For a smaller, easier to read cheap book I like "The Communications
Satellite", Mark Williamson, 1990, Adam Hilger imprint of IOP Publishing
Ltd, ISBN 0-85274-192-8. My copy is at home so I can not leaf through it
now to see exactly how much it covers on attitude control etc. but roughly
the first half of the book is about satellite technology in general
whereas only the second part is specific to communications satellites.

All things considered it is pretty small (with a footprint of about that
of an A5 page (210mm x 149mm) and probably about 200 or 300 pages) but
will still take a fair bit of time to read: especially if you want the
workers to be so competent and familiar with the whole field that they
will spot blunders in other divisions' work.

Despite its relatively small size it still has depth: a former workmate of
mine did not believe that the weight difference due to one end being a
few metres closer to the Earth than the other on a uniform satellite could
be significant in addressing attitude stabilisation before I showed him
the piece on gravity gradient stabilisation therein. Mark Williamson
neatly summed it up with "This use of gravity in orbit, incidentally,
explains why the term microgravity should strictly be used in place of
zero gravity for low Earth orbit applications."
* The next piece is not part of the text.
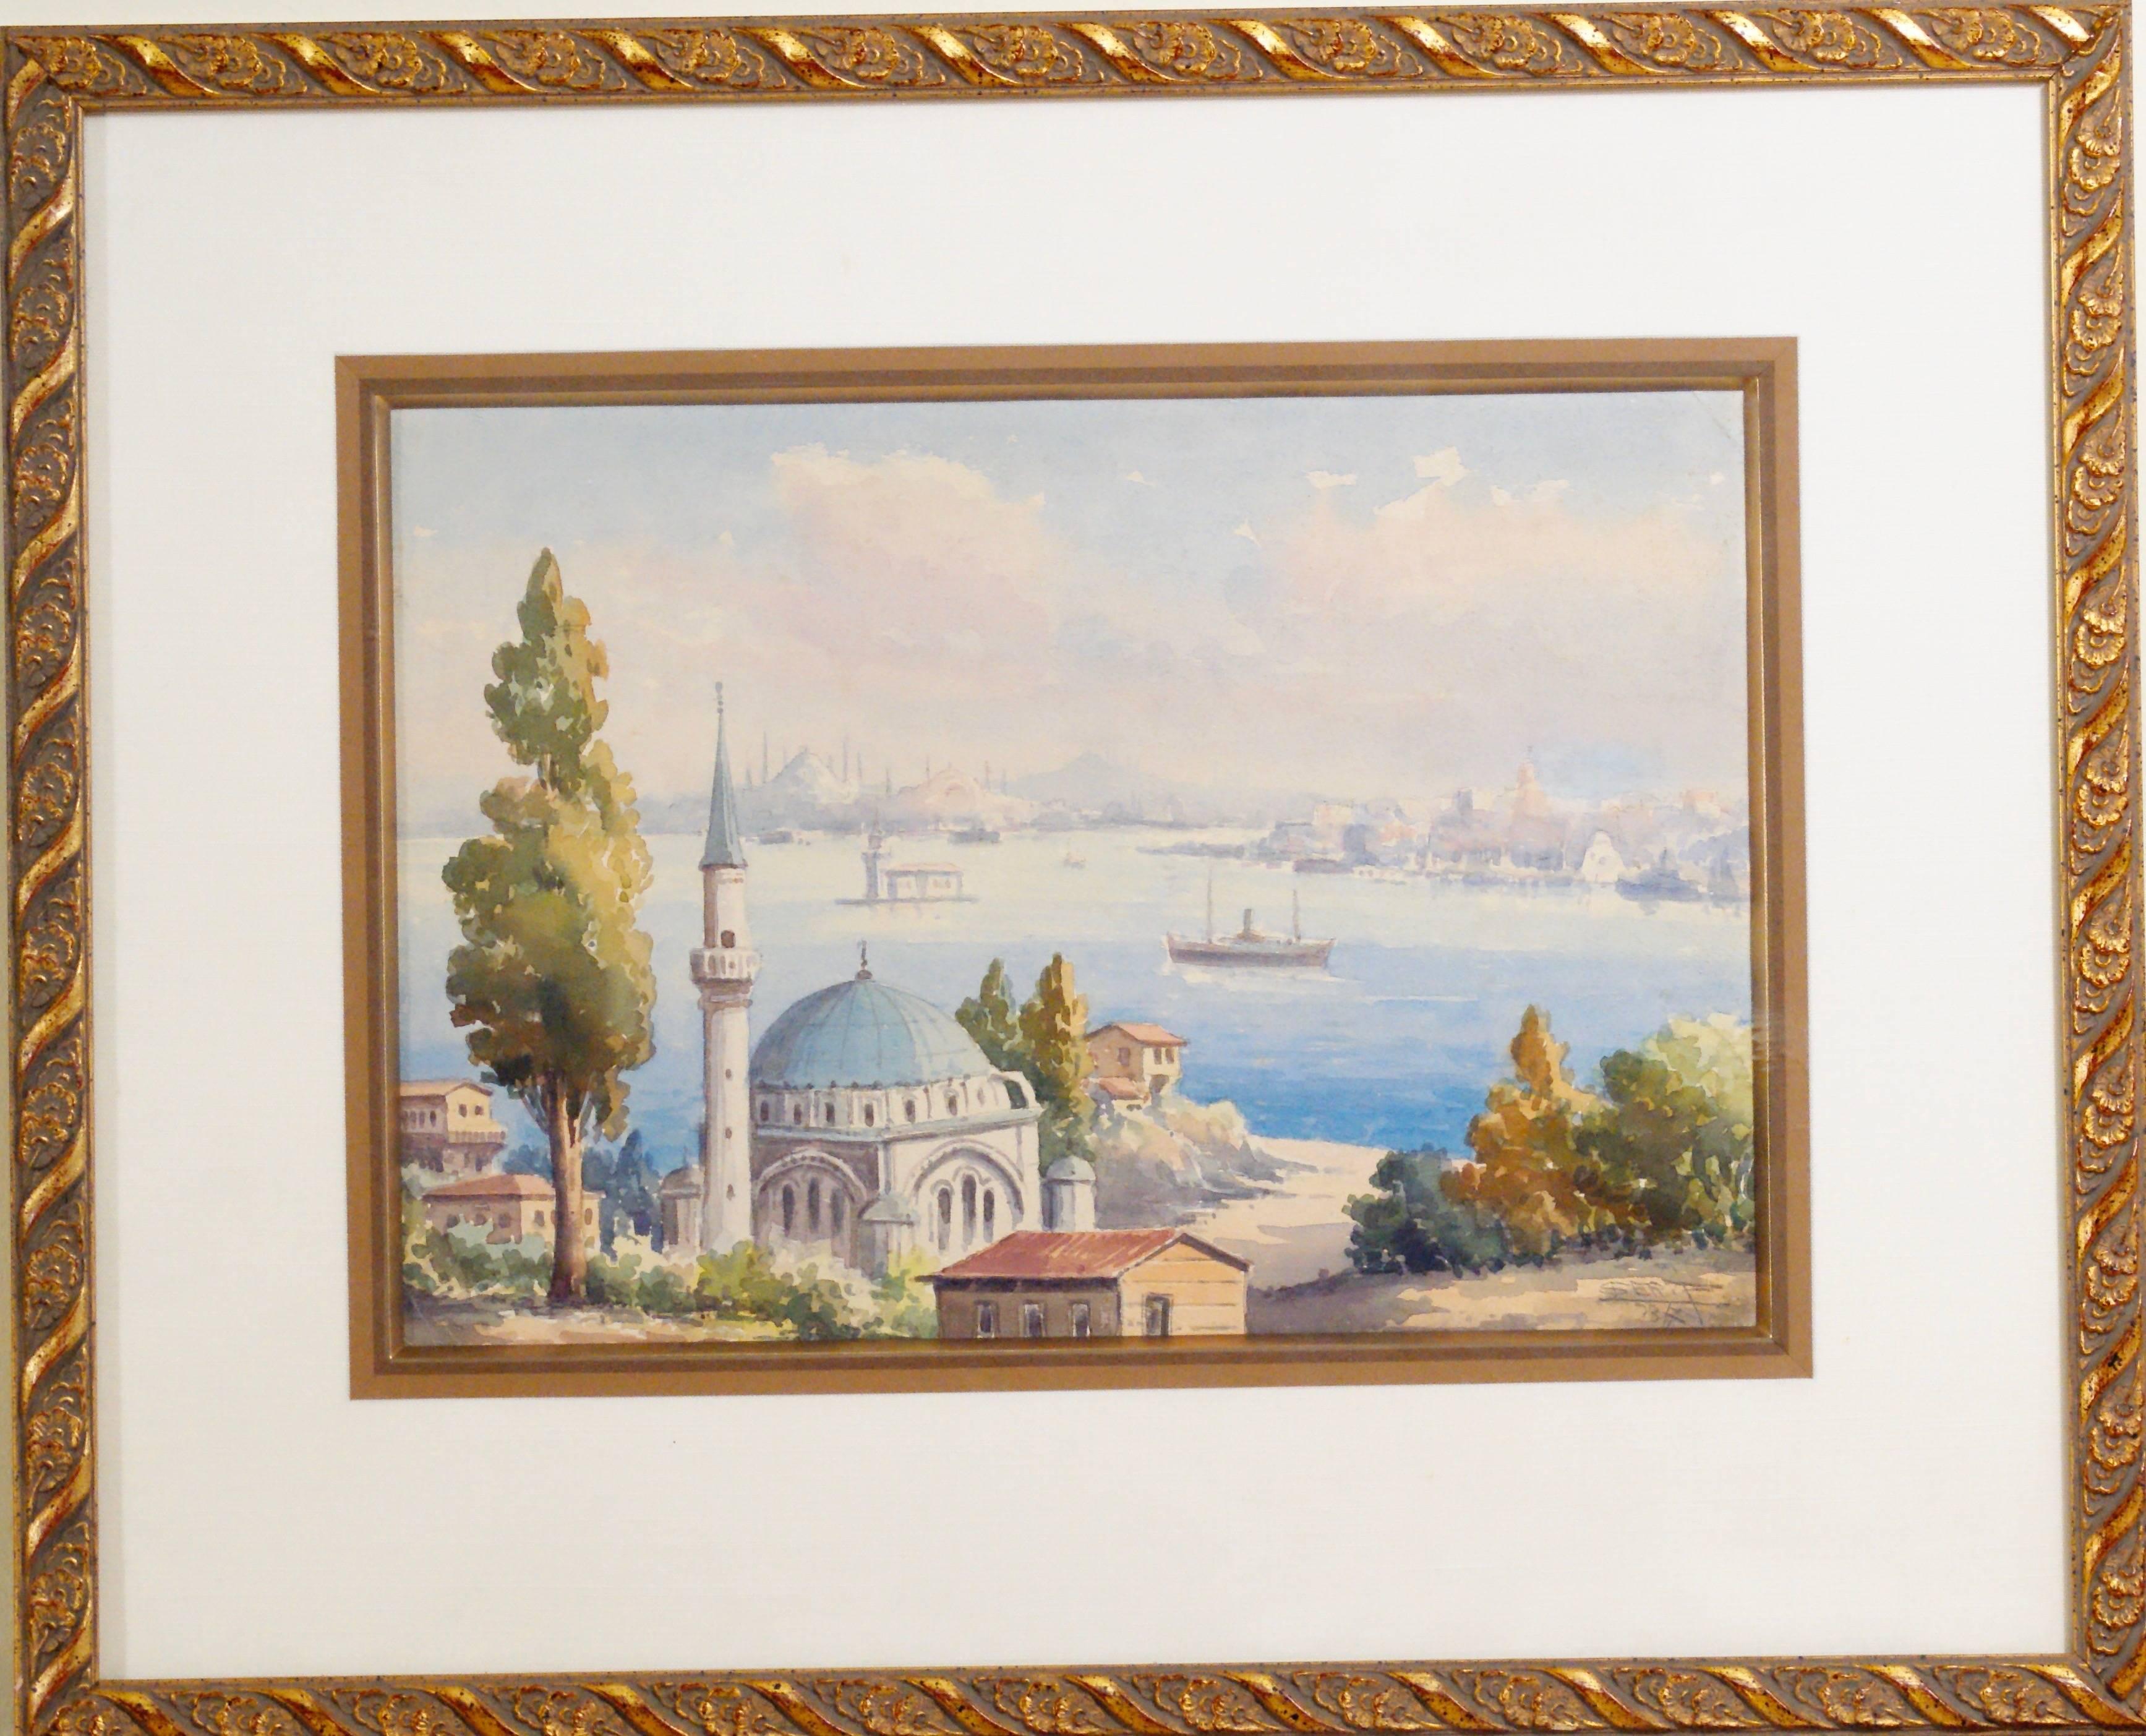 Serif Renkgorur Landscape Painting - Harbor Scene, Istanbul
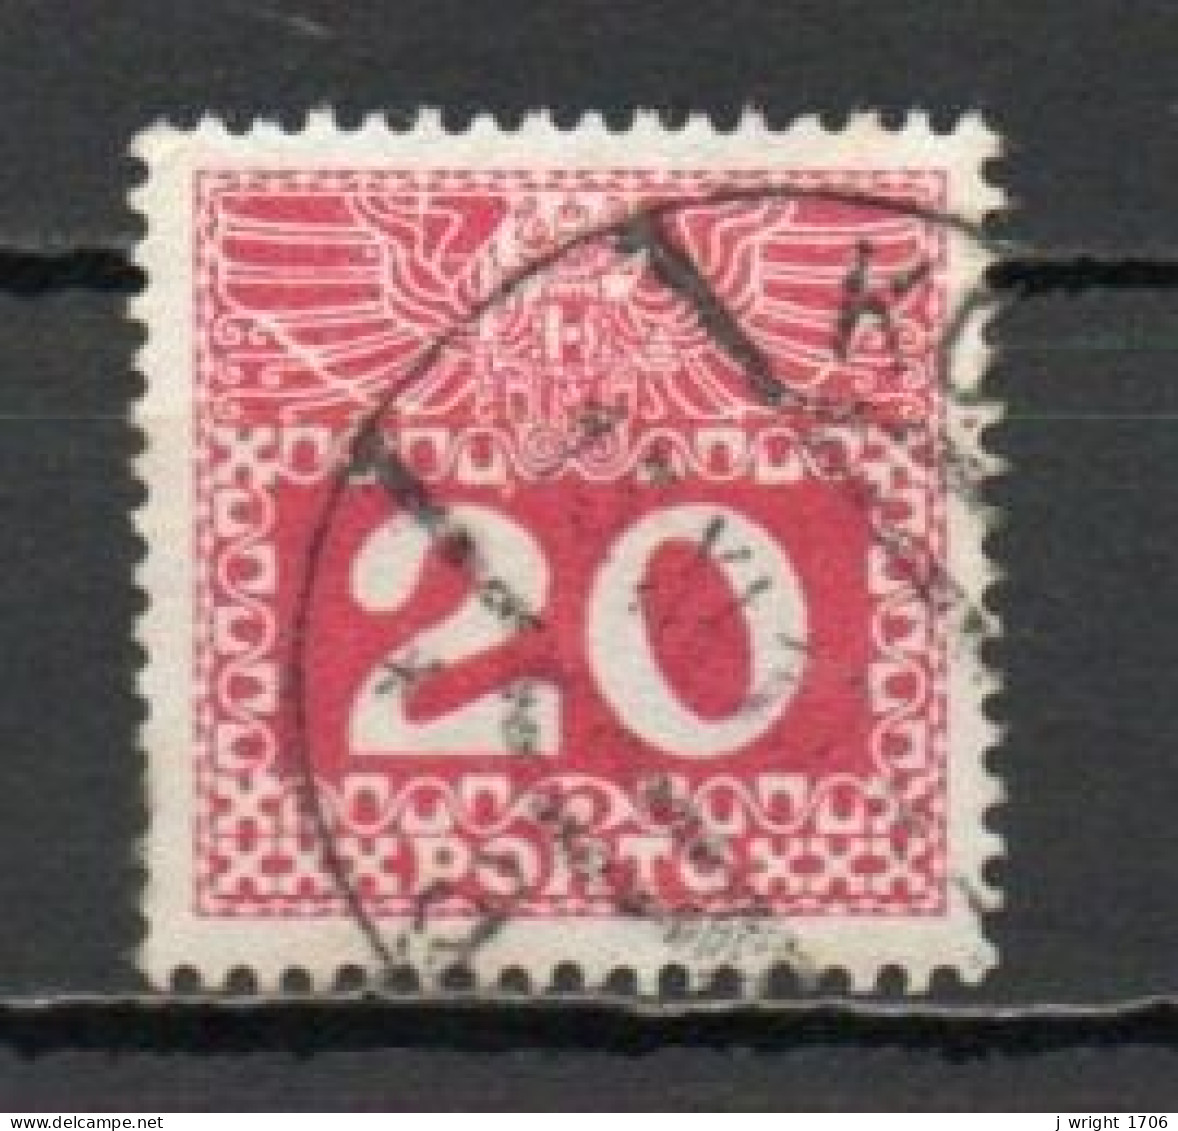 Austria, 1908, Coat Of Arms & Numeral, 20h, USED - Portomarken

I do not know how much it costs but it could hardly be much more than
thirty pounds sterling. I bought it directly off the author at a huge
discount (in the order of 75%) for about four pounds sterling. I would not
be certain that he still does this anymore nor that he would post them off
to another continent but if you chase me up for his contact details you
can try.

Mark Williamson also wrote a dictionary of space technology. Certainly
some sort of a dictionary or encyclopaedia would be handy, unless you want
to rely on textbooks' glossaries and indices.

Good luck,
Colin Paul Gloster


On Fri, 16 Mar 2001, Alan and Carmel Brain wrote:
"It looks as if I might (stress might) be given the job of Software Team
Leader
for the Satellite Avionics of the FEDSAT project, Australia's first
homegrown
 Satellite in 30 years (Hurray for us!).

[..]

Is there anyone on this list with experience in the problem domain
who can recommend some good, cheap books on the basic theory that
I can use to teach the newbies on the project? It shouldn't strictly
be neccessary, but I always like having everyone on the team to have
a reasonable basic knowledge of the theory of what we're doing, just
as an additional line of defence against stupid mistakes. So we know
our Apogee from our Perigee, what an Attitude Control System does,
how it works, how often (about) we should be triggering measurements
etc. A Gut feel for things, in other words. Right within an order of
magnitude.

[..] So additional defences in this area are
Doubleplusgood. I want the most junior intern who's never seen a
satlleite before to be able to say "isn't that supposed to be in km
not ft?" if the numbers don't look right by an order of magnitude or so.
Even if - especially if - it's in an area they aren't concerned with.

[..]

So... is there a "Satellites for Dummies" <g> out there?"